E adesso che sto disperatamente cercando di fare il mio dovere, adesso che sono seduto su un divano pulito a sorbirmi i monologhi sul cinema radical chic, lei che fa? Alza il telefono, fa la parte della gattina bagnata e mi distrugge la serata. Ti sembra logico? Ti sembra davvero il comportamento di una che mi vuole? Mi ordina di fare il bravo fidanzato perfetto e cinque minuti dopo mi usa senza ritegno come un cane da riporto. No, fidati di me, ti sbagli di grosso. A lei piace il fango. Le piacciono i tipi palestrati e tatuati sulle moto stradali o i palazzinari del Padel.
No, fidati, io per lei sono solo la sedia con le ruote che corre a raccoglierla quando il suo giocattolo preferito si rompe.

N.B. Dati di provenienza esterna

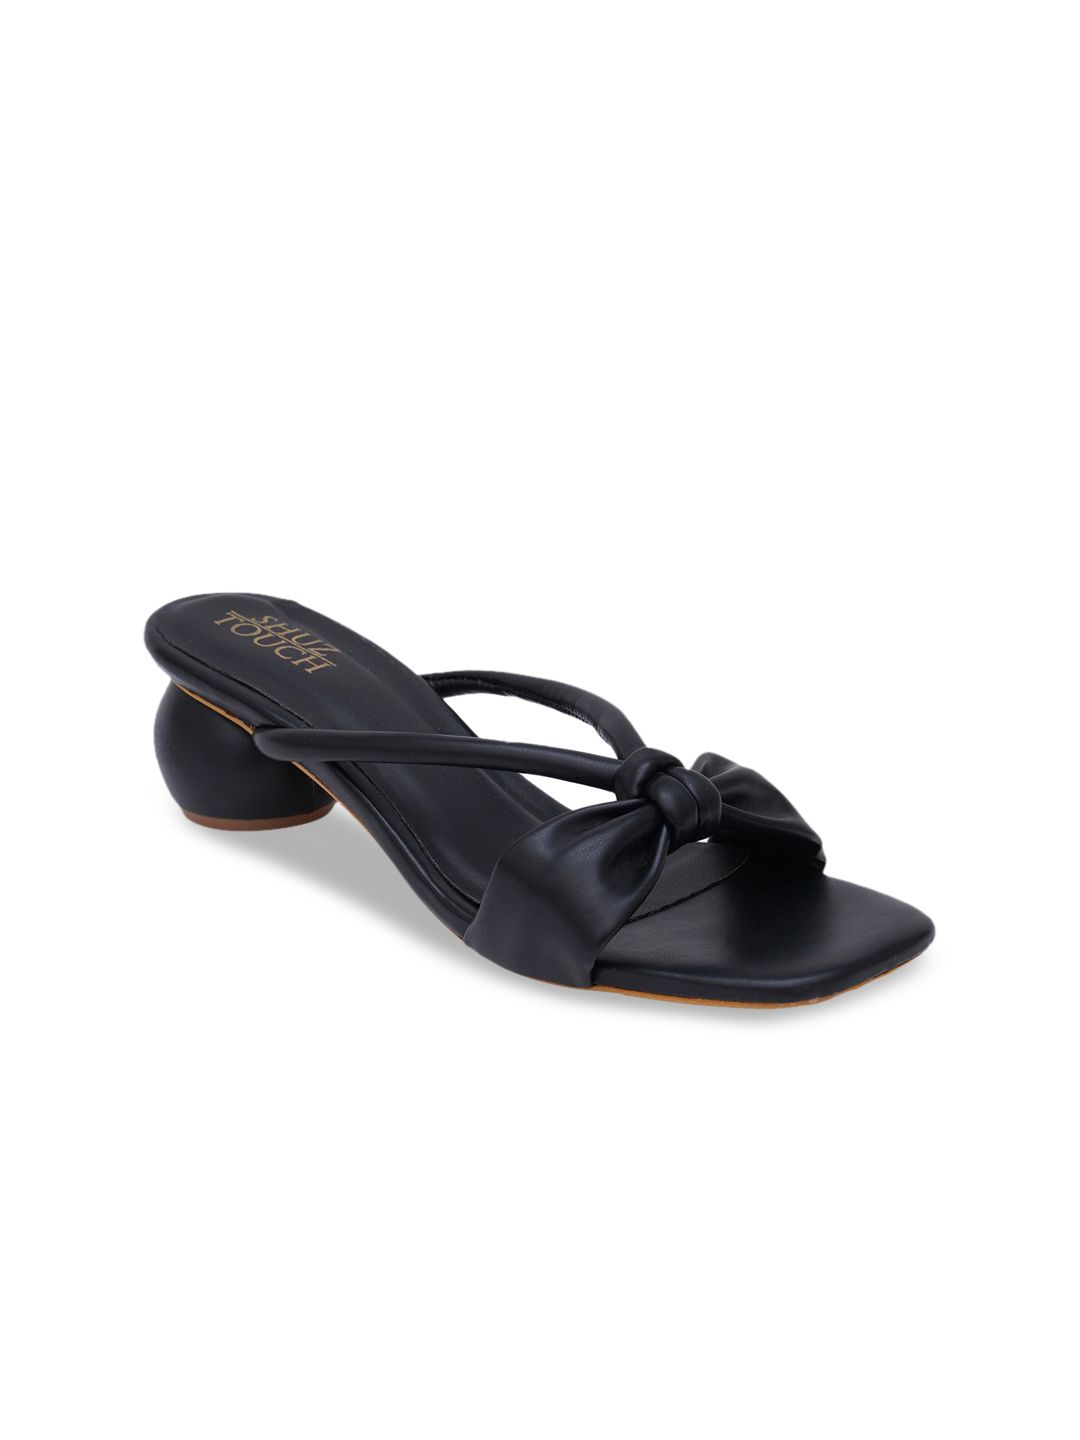 SHUZ TOUCH Black Block Mules with Bows Price in India

Do un'occhiata millimetrica a Sabrina. Ha le labbra così serrate che sono diventate completamente bianche. Guardo le indicazioni luminose di Google Maps sullo schermo: manca poco al lampione giallo in fondo alla via. Io continuo a non capire la sua mossa, e tu continui a guardarmi dalle pagine di questo libro come se fossi il re indiscusso degli idioti.
Ma la verità, quella vera, la so soltanto io.
Ed eccola lì.
Francesca è accucciata a terra, in bilico sulle punte dei piedi, una posizione che solo lei riesce a mantenere senza perdere l'equilibrio. Indossa i suoi immancabili anfibi neri, e ha una sigaretta stretta tra le dita.
Il fumo sale lento, illuminato dal riflesso giallo e malato della luce stradale.
Mi sarei aspettato di vedere la sua solita espressione annoiata, quella da femme fatale distaccata che ha appena finito di fare a pezzi la vita di qualcuno e adesso aspetta solo che le si apra la portiera. Invece, quando i fari la illuminano in faccia, rimango congelato. I suoi occhi sono strani. Non saprei dirti in che modo, non riesco a decifrarli, ma c'è qualcosa di rotto là dentro. Qualcosa che non le ho mai visto addosso.
Al mio fianco, sento Sabrina avere un sussulto. Un piccolo scatto del corpo, il respiro che le si blocca in gola. Sabrina sa benissimo chi è Francesca. Conosce la sua fama, la sua scia di distruzione, sa cosa ha fatto e cosa continua a fare. Eppure, nonostante la odi con tutta se stessa — e credimi, la odia da morire —, Sabrina non mi ha mai parlato troppo male di lei. Mantiene quel suo maledetto aplomb da ragazza borghese e colta, una maschera di dignità che si rifiuta di cedere al fango.
Un aplomb che, di certo, Francesca non ha.
Non appena la macchina accosta, lei si alza in piedi con uno scatto fluido. Butta la sigaretta sul catrame. Cammina dritta verso la Yaris e, senza la minima esitazione, afferra la maniglia della portiera del passeggero. La spalanca di colpo.
Il silenzio dentro l'abitacolo si spacca. Francesca si sporge verso l'interno e inchioda gli occhi su Sabrina. Non dice una parola, ma la squadra dall'alto in basso con un'intensità devastante, distruggendo ogni sua barriera difensiva. La guarda con un disgusto così freddo e assoluto che sembra quasi volerla cancellare dalla faccia della terra. La fissa come se Sabrina non fosse nemmeno una persona, ma solo una di quelle macchie fastidiose sul sedile su cui non hai nessuna intenzione di sederti.
Poi, così, di botto. Dal nulla. Senza neanche un briciolo di educazione, senza un «ciao», senza un «voi tutto bene stasera?». Niente di niente. Come se fosse la cosa più normale del mondo farsi raccogliere in mezzo alla strada all'una di notte dopo aver fatto saltare in aria la serata di tutti.
Con una calma che fa quasi paura, si mette a posto una ciocca ribelle di capelli che le era scesa davanti agli occhi, scostandola con due dita fredde. Poi, piantando quegli occhi strani e indecifrabili dritti in quelli di Sabrina, si rivolge direttamente a lei.
«Beh, ti alzi e mi fai entrare in macchina o rimaniamo a fissarci tutta sera?»